Lady Poverty.....Clare, frail in health, possessing no weapons but prayer, and perpetually enclosed, stood in the middle, in utter fidelity to Lady Poverty.

.....She had her own trials. The order's first Cardinal Protector became Pope in 1227. He loved Clare. In 1220, after celebrating Holy Week with the sisters, he wrote:

"My very dear sister in Christ! From the very hour, when the necessity of returning here, separated me from your holy conversation and tore me away from that joy of heavenly treasure, such a bitterness of heart, such an abundance of tears and such an immensity of sorrow have overcome me.... I entrust my soul to you and commend my spirit to you, as Jesus on the cross commended his spirit to the Father..."
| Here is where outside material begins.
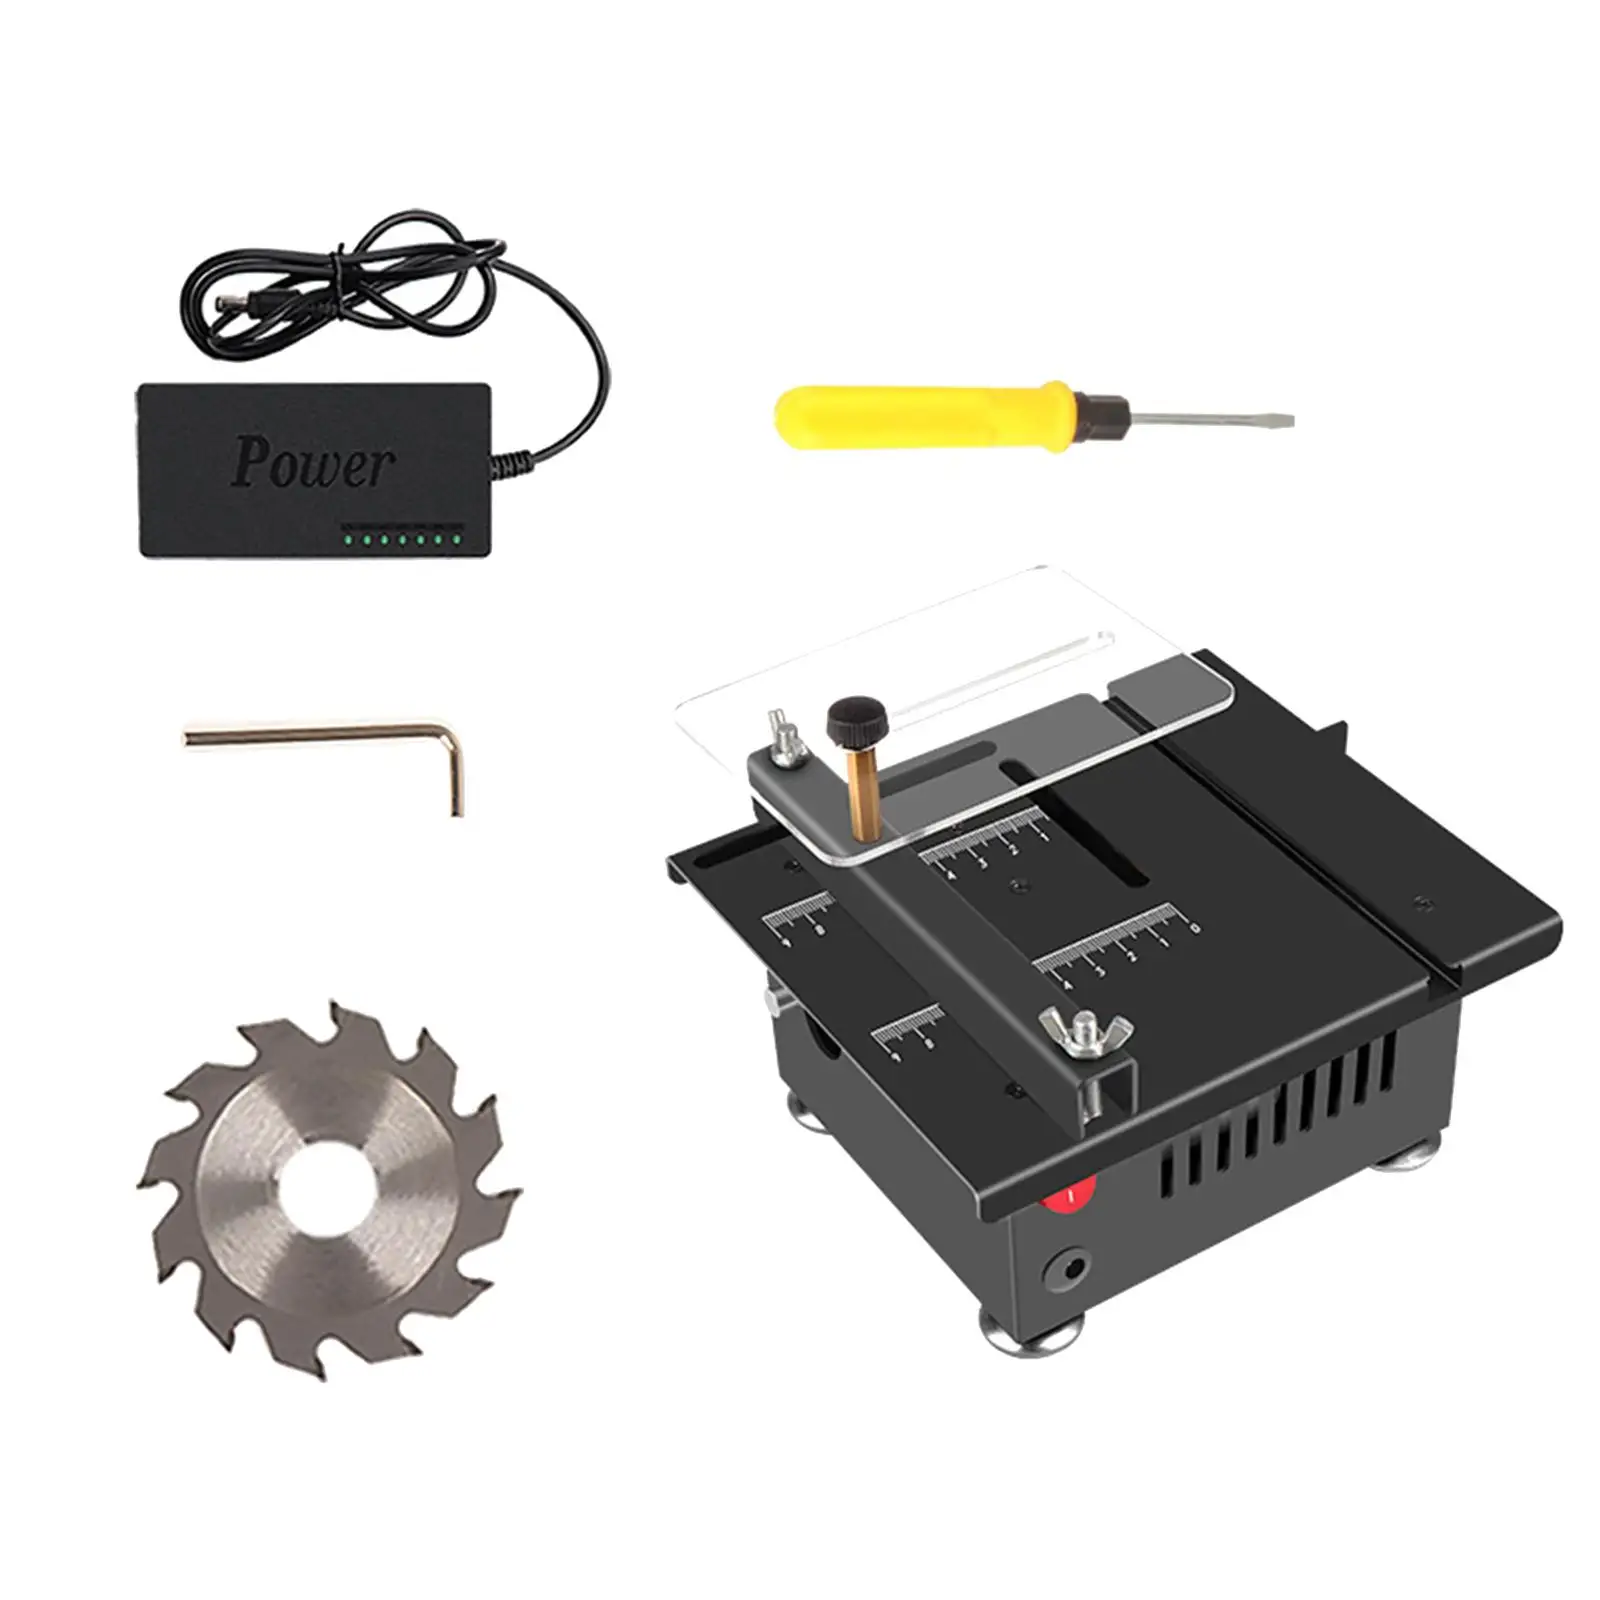 Mini Table Saw Portable Tabletop Saw for Wood Cutting DIY Crafts Wooden Craft Workshop Small Woodworking Projects US Adapter

.....But he also felt it was his duty to look after her. .....He afflicted her with the Rule of St Benedict, an excellent institution the objectives of which could not even be said to run parallel to those of the Franciscan way. Above all it saw poverty in a wholly different light. It was also very rigid; poverty is a freeing gift and the poor must adapt themselves to what God gives to them; only the rich can order their days as they please.
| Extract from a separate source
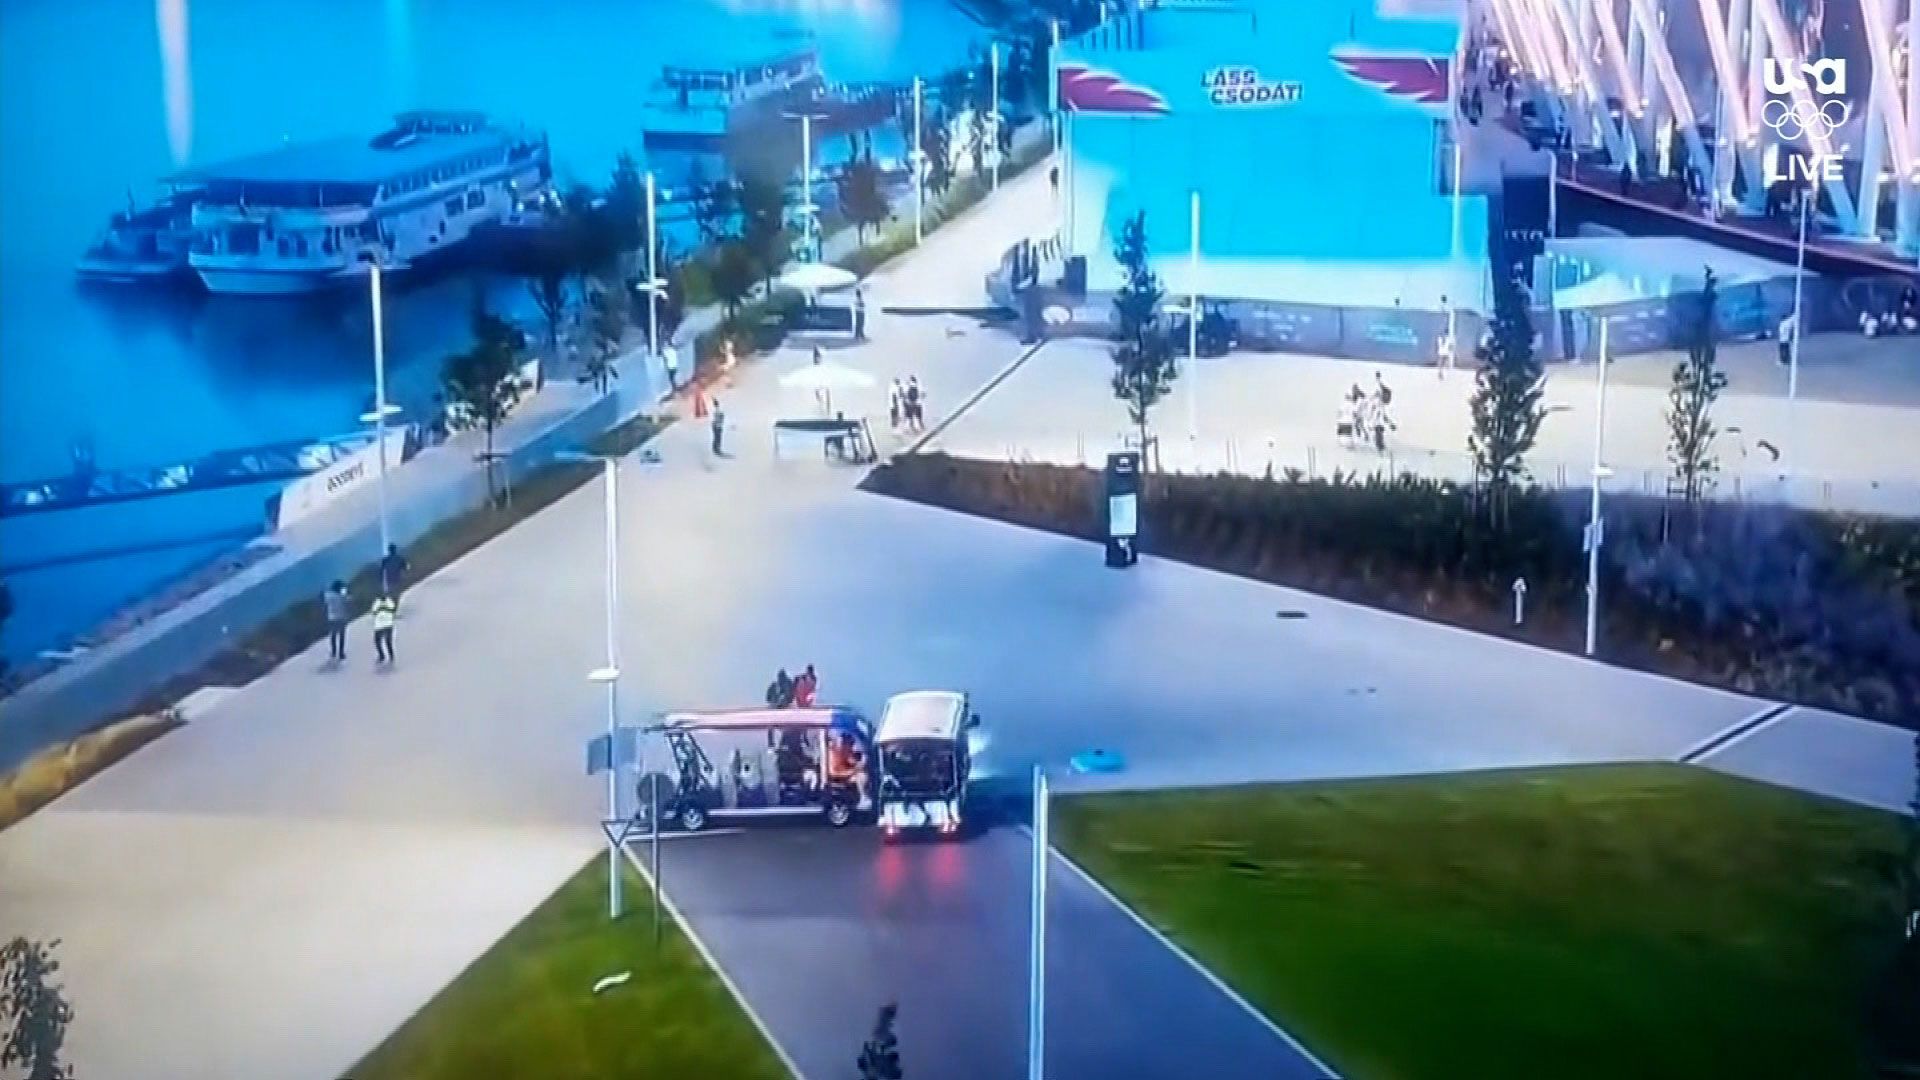 There was a surprise marriage proposal at the World Athletics Championship  after 35km race walk

.....Houses of the sisters had sprung up in many of the places where the brother Friars had preached. Some of those to hear the good news were already Benedictine women religious. Not all of these had contact with San Damiano 's.

.....Clare's sister Agnes was sent to Monticelli, and, apparently, to several other houses in Italy as a herald of poverty. Clare is also known to have sent sisters to Prague and to Spain. Prague was the home of the most distinguished convert to Lady Poverty: St Agnes, a Bohemian princess who had rejected the hand of the Emperor Frederick II in order to follow her vocation. .....Before and after the death of Pope Gregory IX, both Agnes and Glare separately entreated the Holy See for a more authentic rule of life. They were not successful. .....Eventually, around 1250, Clare began to write her own rule. She was the first [and only, strangely enough] woman to do so. It was presented to Pope Innocent IV as Clare neared her death. The Holy Father was in Perugia, and bringing an entourage of Cardinals, he came to visit Clare. When she begged him for absolution from her sins, he said with tears, 'Would that I had as little need of absolution, as you!".....Back in Perugia, Innocent signed the confirmation of Clare's rule and a friar, in haste, brought it to her. She kissed the papal seal many times. .....Brothers Angelo, Leo and Juniper were among those at her bedside......Clare spoke to her soul, saying,
"Go without anxiety, for you have a good escort for your journey. Go, for he who created you has made you holy. And, always protecting you as a mother her child, he has loved you with a tender love. May you be blessed, 0 Lord, you who have created my soul!"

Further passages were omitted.